Growing up, every girl has a dream of what they imagine growing up will be like. From the kind of hobbies you will have to the man you marry, a girl who dreams can create some big standards for herself.

When I was growing up, I wanted to be a cheerleader, but if you know anything about me I couldn't do that for health reasons. I was 12 and in Rec Department cheerleading when I found out about my scoliosis. The coach was my cousin and knew I wasn't going to be held back by it, so it was never an issue, even with the brace. I was just so happy to finally be a cheerleader!

Then comes age 16: the first (and only) time I tried out for cheerleading.



I made the JV squad since it was my first year and was beyond happy, however I wasn't popular and was the new fish in the sea of pom poms and hair bows. Naturally, I tried my best to smile and come out of my shell in order to fit in. I had a cousin on the squad, which made things easier as far as making friends went. I was welcome by everyone... except the captain. It wasn't anything negative about my cheering or my personality that bugged her. It was the threat of competition. It was made very apparent that she was not captain based on her cheering capability.

I know this sounds like bragging, but I am just speaking truth. All my friends and family told me that I was definitely one of the best on the squad, even the varsity coach said so.

Why is this such a big deal? Isn't this a bit juvenile for you?

Maybe... but that isn't the end of this story.

As time went on, her jealousy turned me against cheerleading and ultimately led me to quitting the squad, a decision I will regret forever.

I did try to reconnect with my inner-cheerleader during college. There were a group of girls who resurrected the Emmanuel cheerleading squad. I had befriended them at the gym, and, after some impressive dance and cheering exercises, they wanted me to join the squad. The unfortunate part was I could never be a cheerleader again. The summer the squad was to debut at camp, I would be having my spine surgery. This was a devastating blow to my mantra of not letting anything hold you back.
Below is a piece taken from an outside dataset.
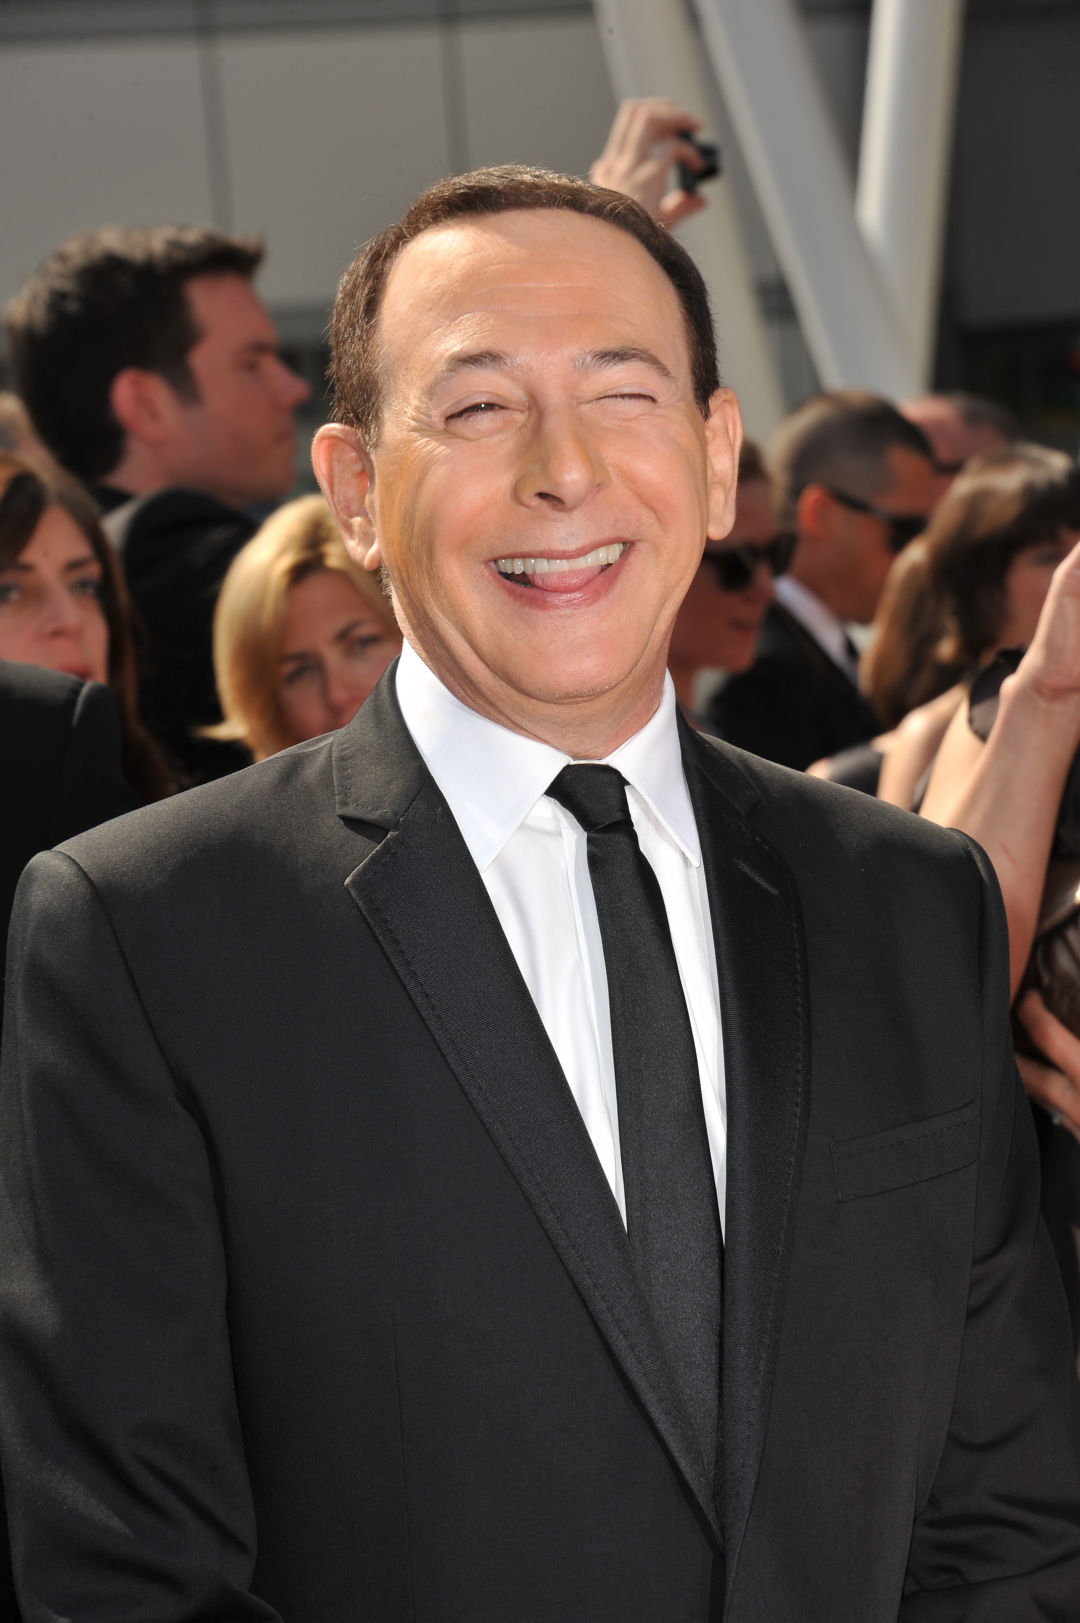 Paul Reubens at the 2011 Primetime Creative Arts Emmy Awards in Los Angeles.

Reminiscing on what I wanted to be, life isn't how I expected it to be. At age 13, I wrote down a list of goals I wanted to accomplish in life. Somewhere along the line, I lost the list. To this day I don't have much to show for it. As hard as one may try, there are always limitations that will cause your goals to go unmet. The limitations can be physical, mental, or even spiritual. Whatever the limitations, one should never give up simply because a goal was unmet, or a dream ended. Limitations are not the end of the world. They are a chance to back up and start over.

Maybe now is a good time to reassess my life goals and start a new list, a more mature list. Maybe one with more depth than my 13 year old self had.